Assignment
The answer must be exactly the lines from the one containing "This two-light wall" through the end of the material, with both ends kept and no other lines.

Collected data
Start of Block

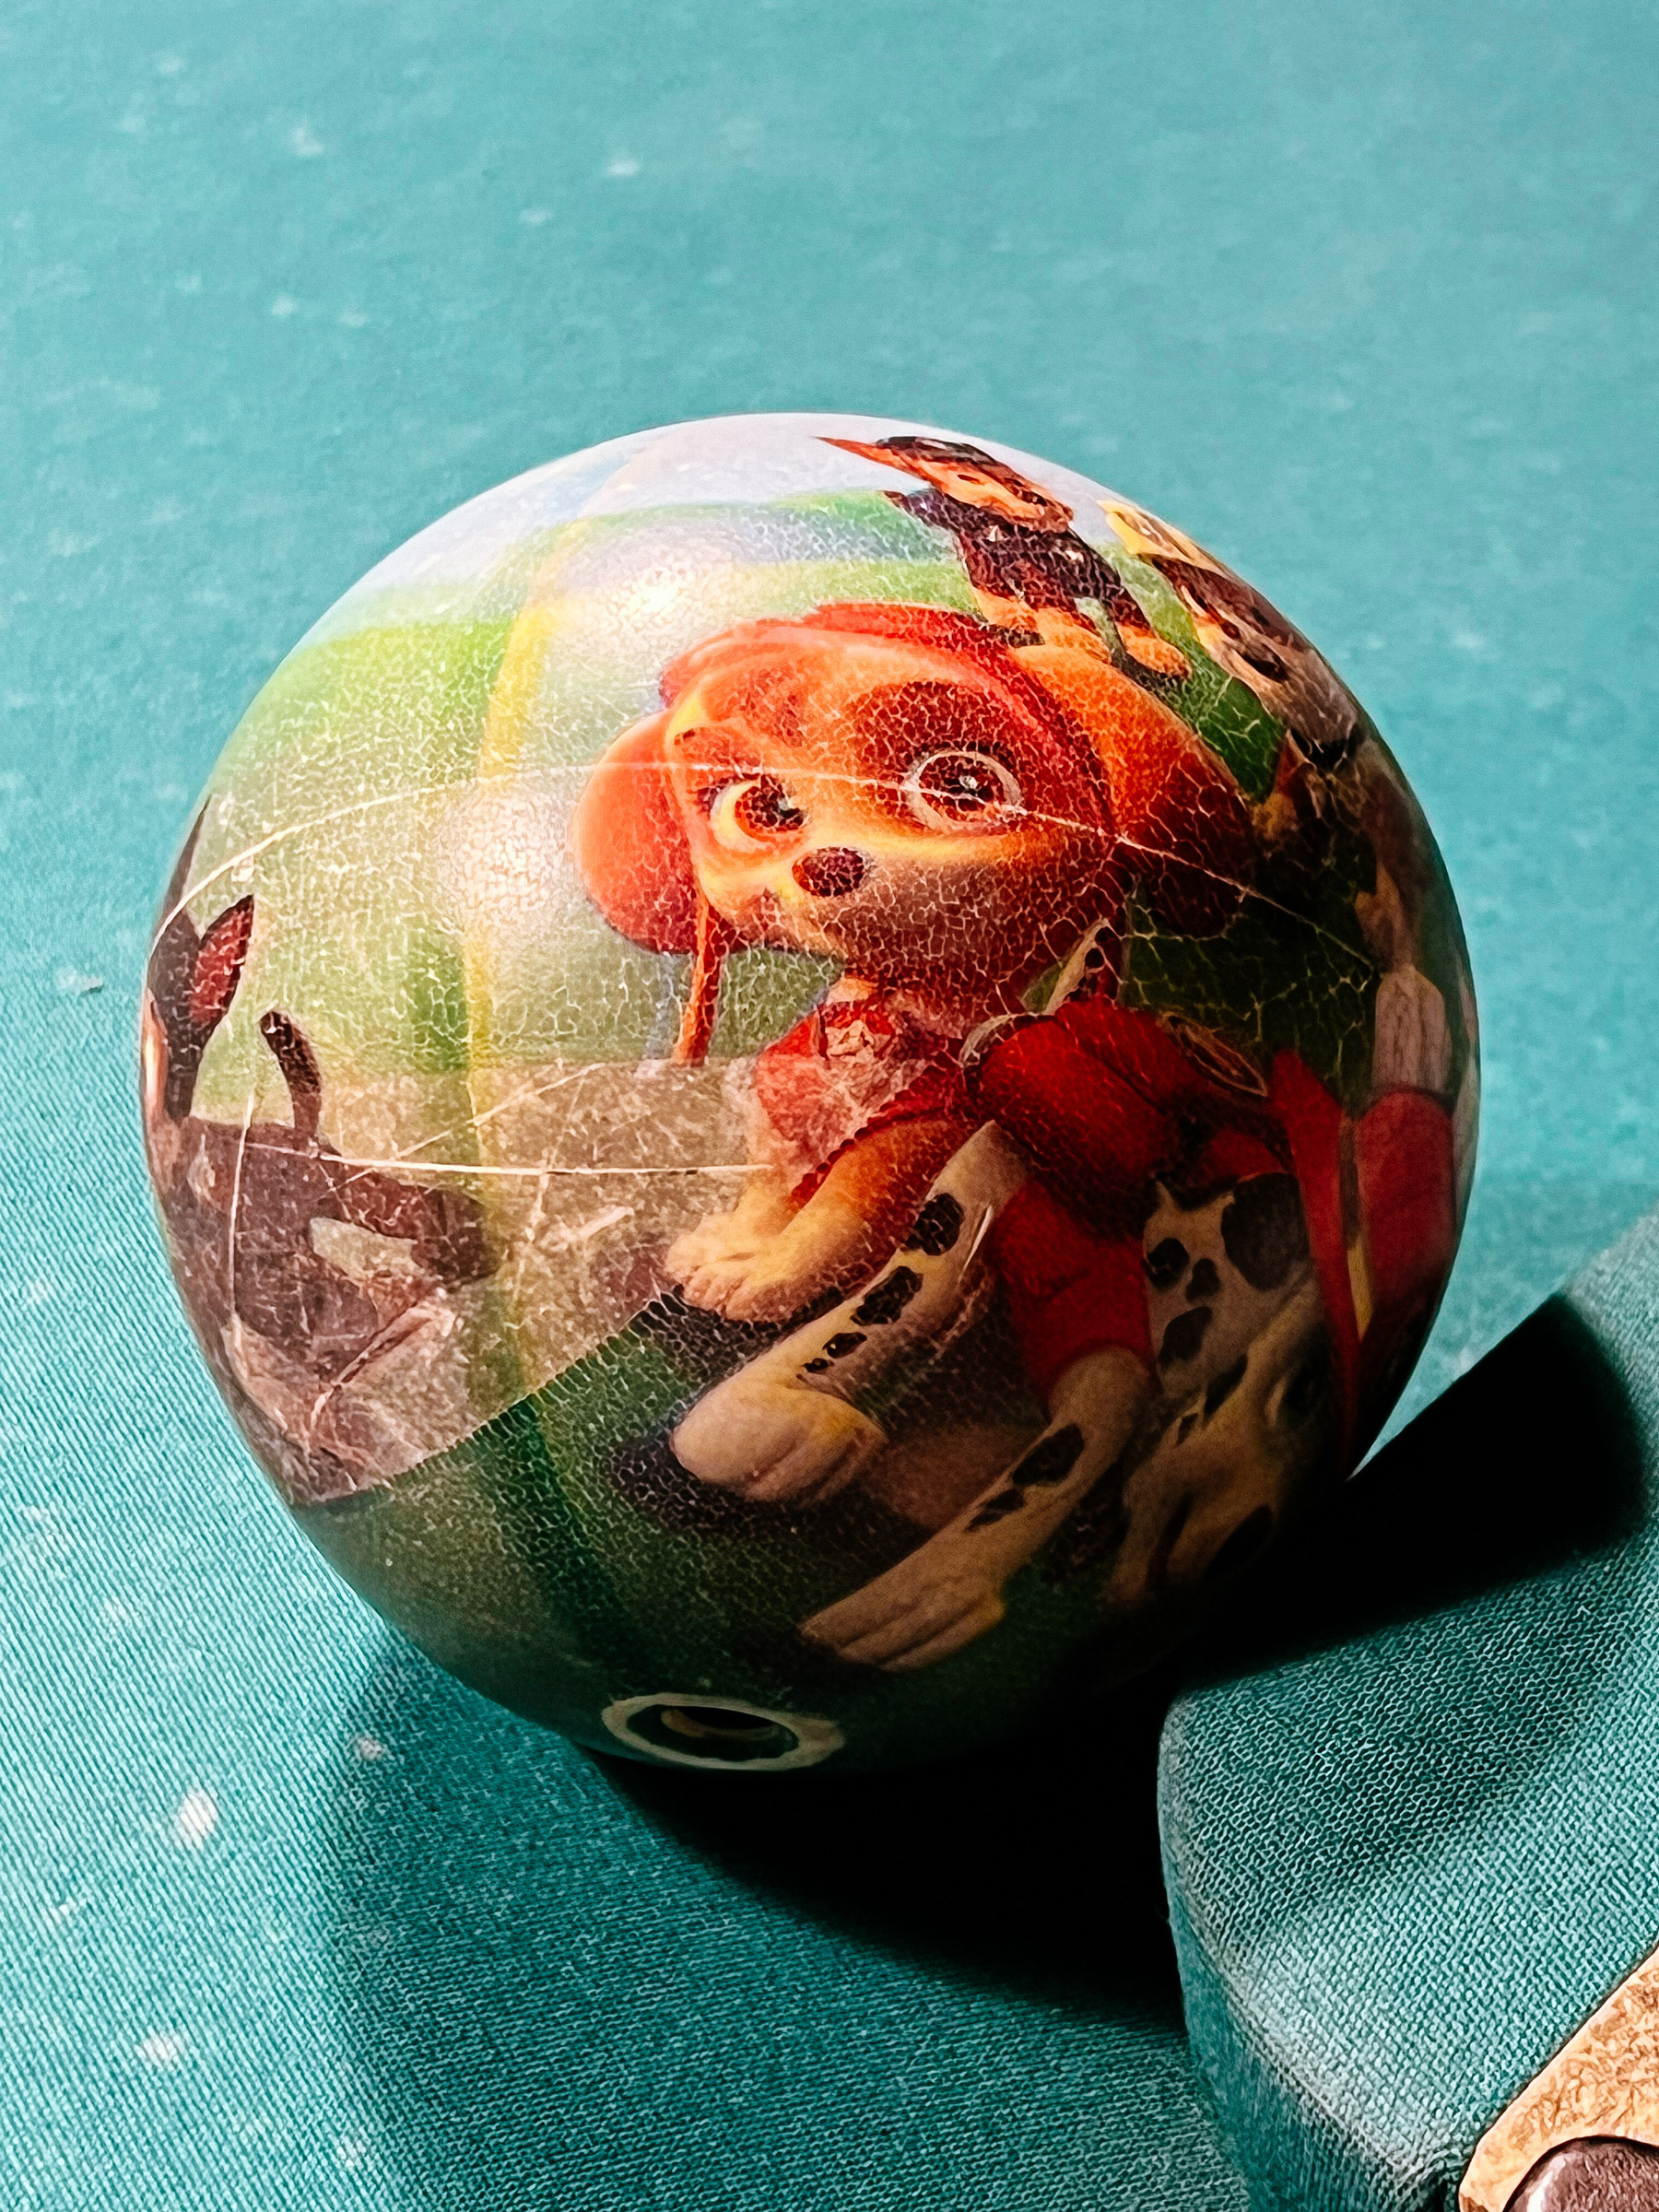 A ball with Skye from the Paw Patrol on a pool table. 
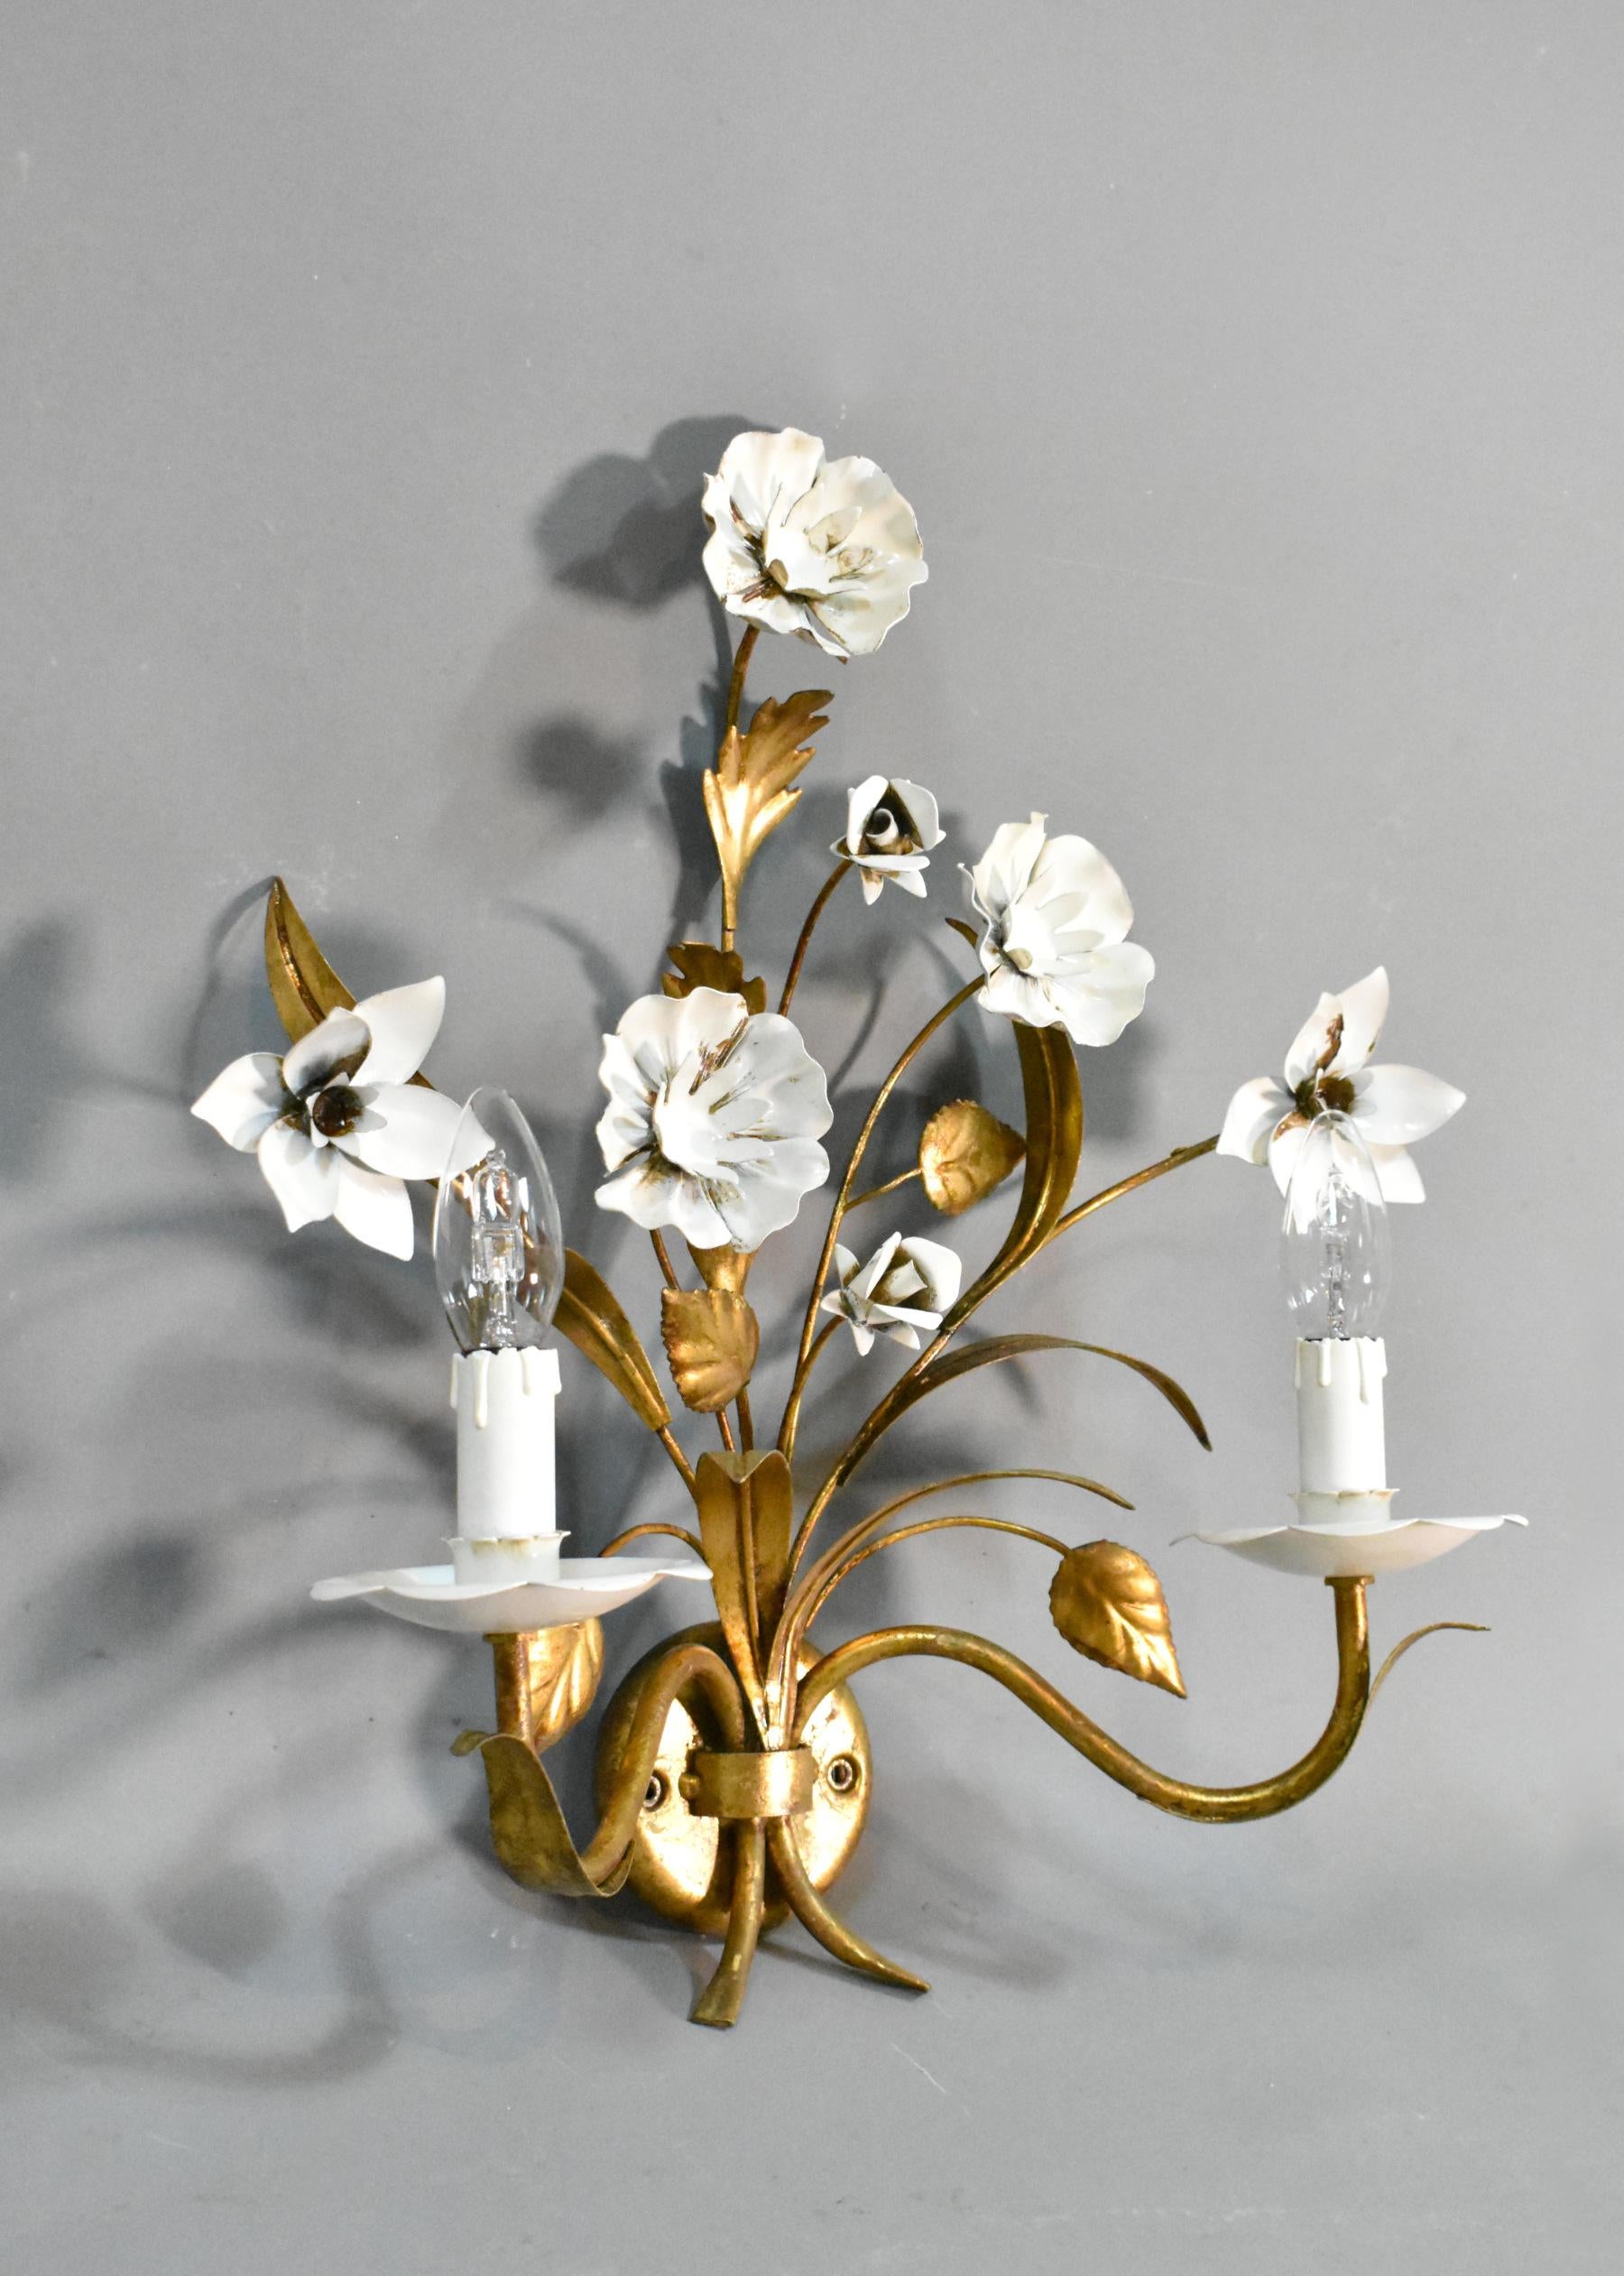 A pretty Hollywood Regency mid-century toleware wall light / sconce featuring a variety of white flowers and gilded foliage.

This two-light wall sconce has elegant stems and flowers extending out from the central base.

This light has been tested

End of Block

Finished task
This two-light wall sconce has elegant stems and flowers extending out from the central base.

This light has been tested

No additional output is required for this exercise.